TASK MATERIAL >>
▼▼▼
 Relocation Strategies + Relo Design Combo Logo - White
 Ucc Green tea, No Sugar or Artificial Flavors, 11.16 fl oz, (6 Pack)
▲▲▲
▼▼▼
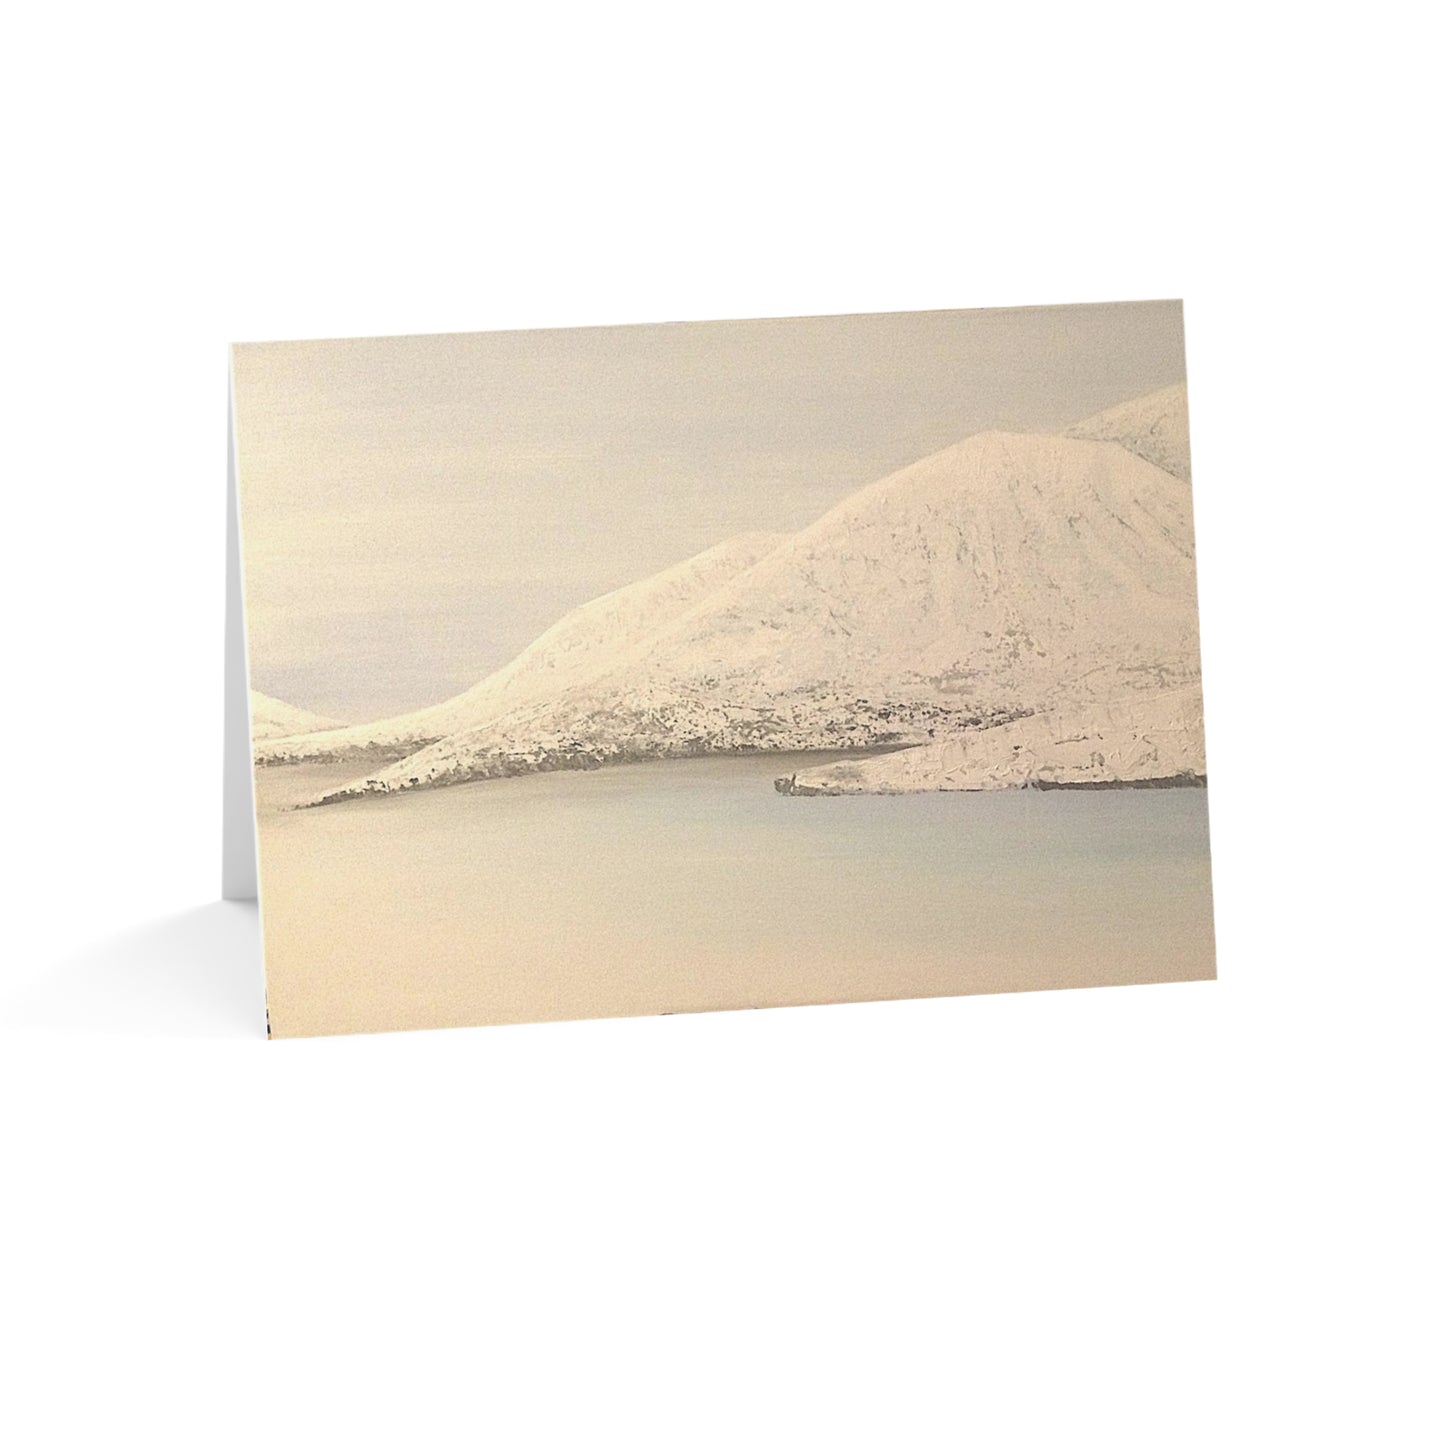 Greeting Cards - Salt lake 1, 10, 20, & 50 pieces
▲▲▲
Copy out the lines above exactly, beginning at the one that contains "Relocation Strategies +" and ending at the one that contains "Ucc Green tea, No".

 Relocation Strategies + Relo Design Combo Logo - White
 Ucc Green tea, No Sugar or Artificial Flavors, 11.16 fl oz, (6 Pack)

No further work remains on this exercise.